Trump then tweeted: “Bob Corker, who helped President O give us the bad Iran deal & couldn’t get elected dog catcher in Tennessee, is now fighting Tax Cuts...
“...Corker dropped out of the race in Tennessee when I refused to endorse him, and now is only negative on anything Trump. Look at his record!”
“Isn’t it sad that lightweight Senator Bob Corker, who couldn’t get re-elected in the Great State of Tennessee, will now fight Tax Cuts plus!”
“Sen. Corker is the incompetent head of the Foreign Relations Committee, & look how poorly the U.S. has done. He doesn’t have a clue as...
“...the entire World WAS laughing and taking advantage of. People like liddle’ Bob Corker have set the U.S. way back. Now we must move forward!”
So after Corker let loose, Republican Sen. Jeff Flake of Arizona announced Tuesday he won’t be running for re-election, lamenting the “flagrant disregard of truth and decency” in American politics.
“There are times when we must risk our careers in favor of principles. Now is such a time,” he declared from the Senate floor.
Flake said he has “no small measure of regret.”
“Regret because of the state of our disunion,” he said. “Regret because of the disrepair and destructiveness of our politics. Regret because of the indecency of our discourse. Regret because of the coarseness of our leadership. Regret for the compromise of our moral authority.”
“And by our I mean all of our complicity in this alarming and dangerous state of affairs,” Flake continued. “It is time for our complicity and our accommodation of the unacceptable to end. We must never adjust to the present coarseness of our national dialogue with the tone set at the top.”
Trump then tweeted: “The reason Flake and Corker dropped out of the Senate race is very simple, they had zero chance of being elected. Now act so hurt & wounded!”
“The meeting with Republican Senators yesterday, outside of Flake and Corker, was a love fest with standing ovations and great ideas for USA!”
“Jeff Flake, with an 18% approval rating in Arizona, said ‘a lot of my colleagues have spoken out.’ Really, they just gave me a standing O!”
#ExtremeNarcissist
Editorial / Wall Street Journal
“There is a familiar Washington irony in the praise that the press corps and Democrats are heaping on Jeff Flake for his speech Tuesday announcing that he won’t seek re-election to the Senate in 2018. The same crowd criticized Mr. Flake as a heartless libertarian until he opposed Donald Trump. But no matter, the Arizonan has still done his party and maybe his cause a public service.

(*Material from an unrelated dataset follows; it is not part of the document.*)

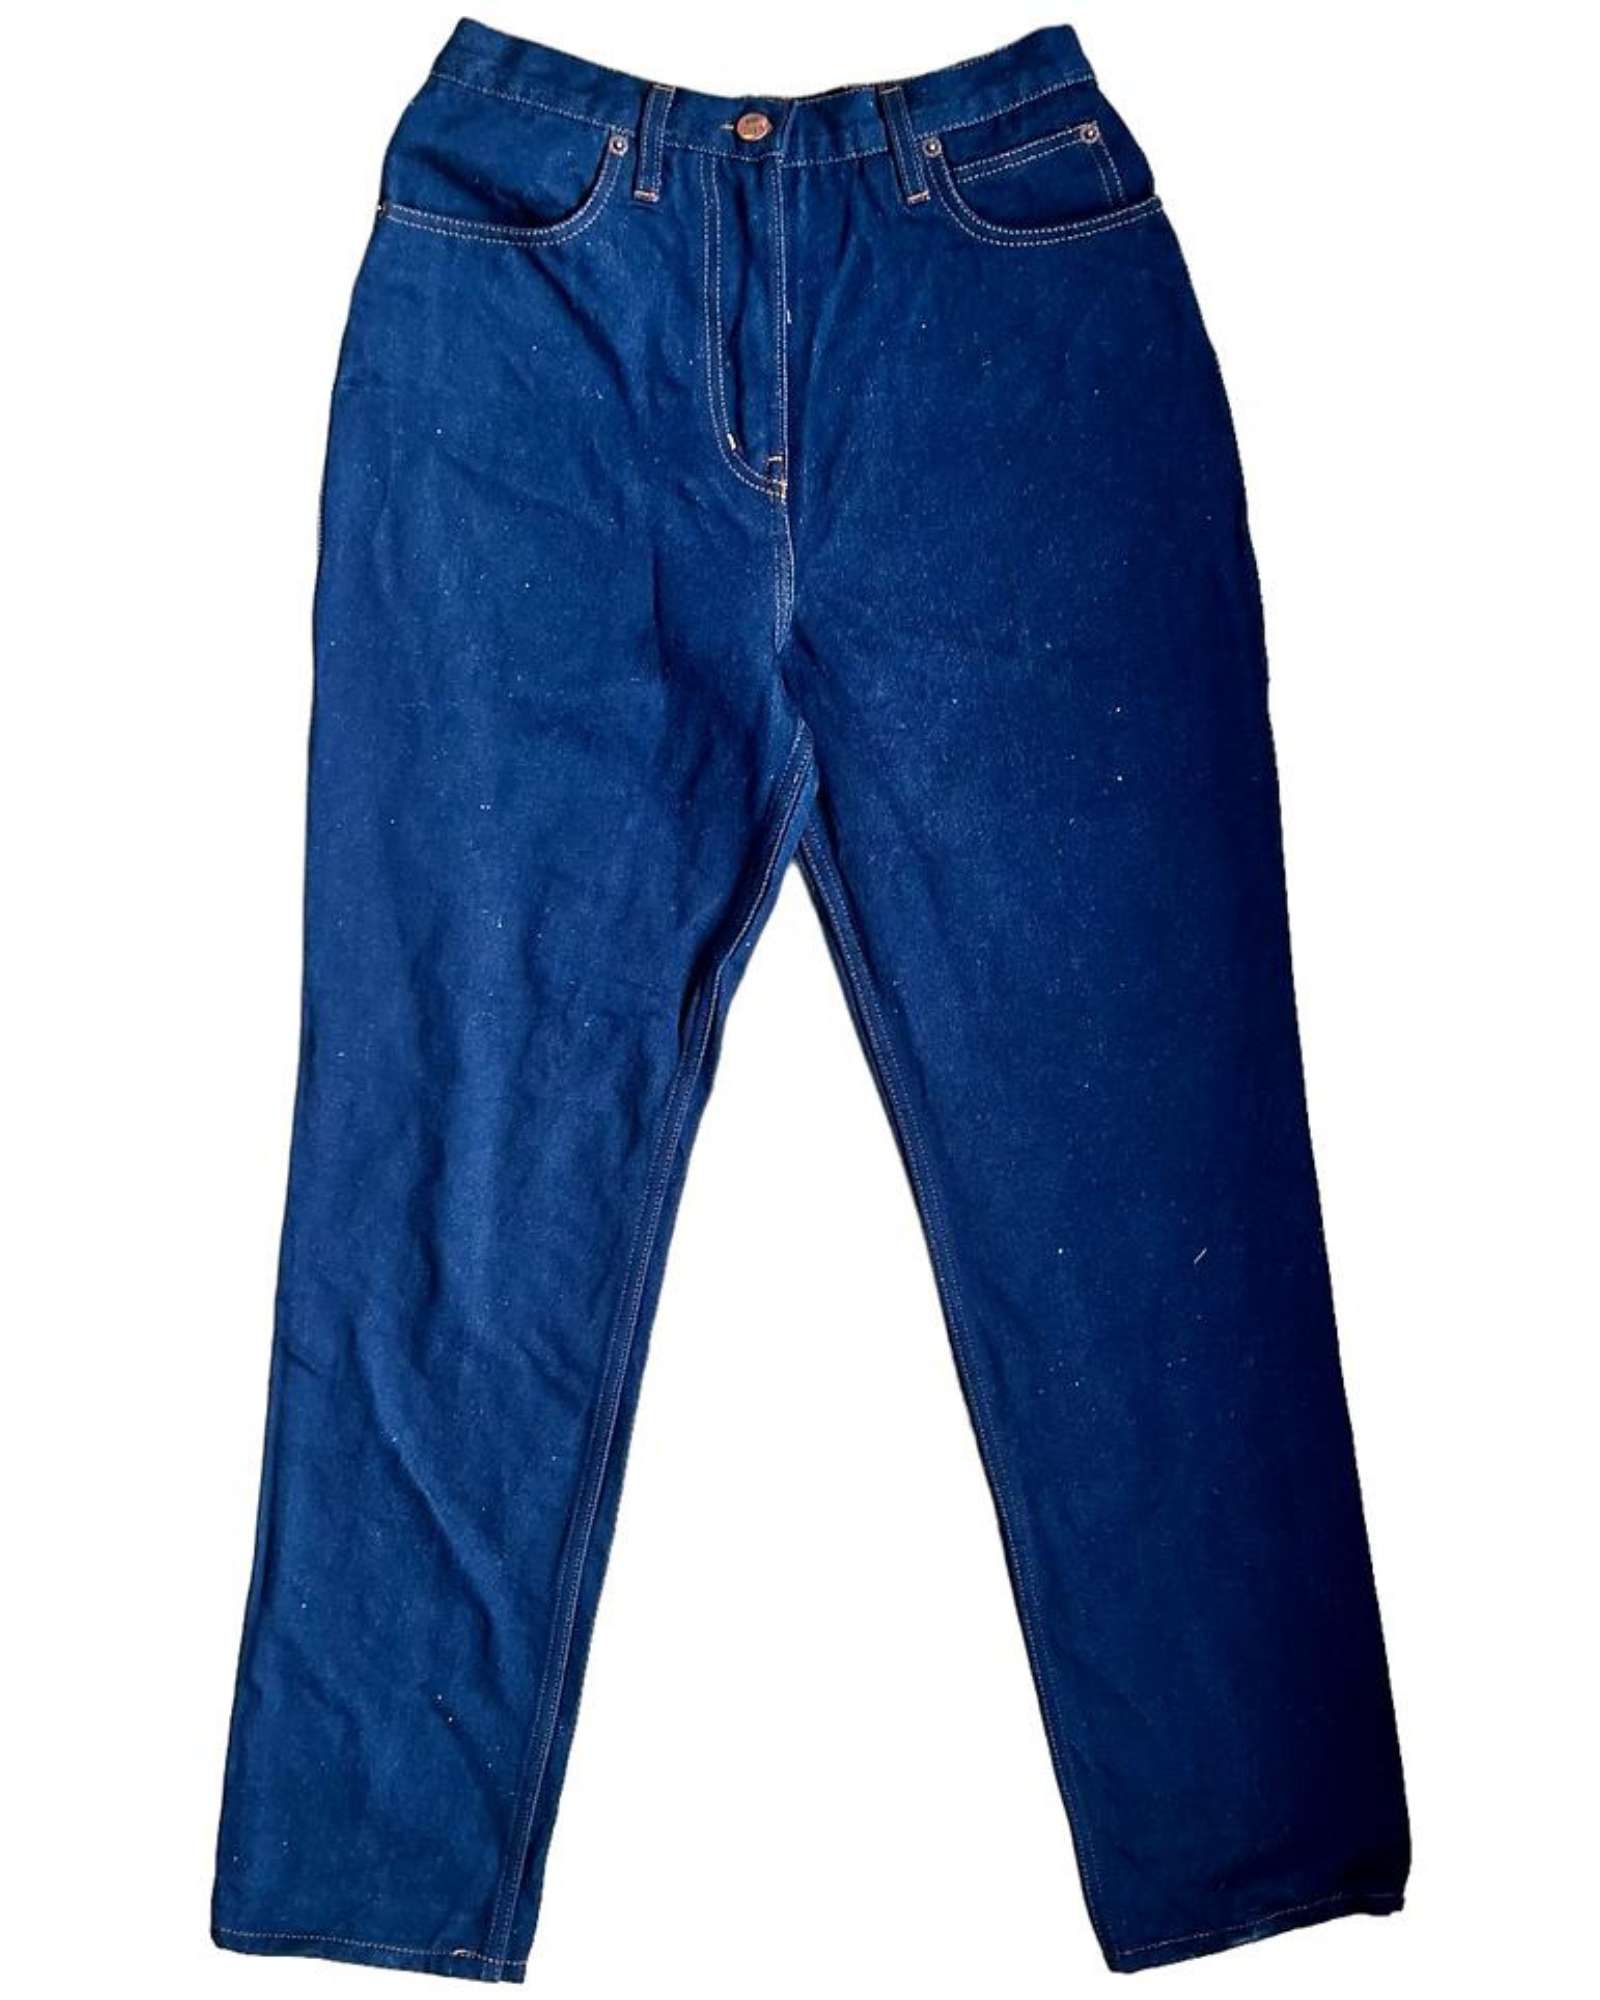 BLEU DES PENTES - Men's Comfort Fit Jeans

“The first service is making it possible for Republicans to retain the Arizona Senate seat. Mr. Flake struggled to win election in 2012 and he’s never built a strong state profile. His approval rating is so low that national Republicans feared he was unlikely to win a primary, much less hold the seat against a Democrat. Republicans believe they can hold the seat for the party but not for him, so he is taking one for the team.
“Mr. Flake’s departure means that other Republicans have room to jump in against Kelli Ward, the Steve Bannon acolyte who lost to John McCain in 2016. Ms. Ward, an osteopathic physician, is famous for calling a public hearing to address constituent concerns that the plumes behind jets are an attempt to poison the public. Her first reaction to news about Mr. McCain’s cancer diagnosis was that he probably wasn’t long for the Senate. She is an odds-on loser if she wins the GOP nomination.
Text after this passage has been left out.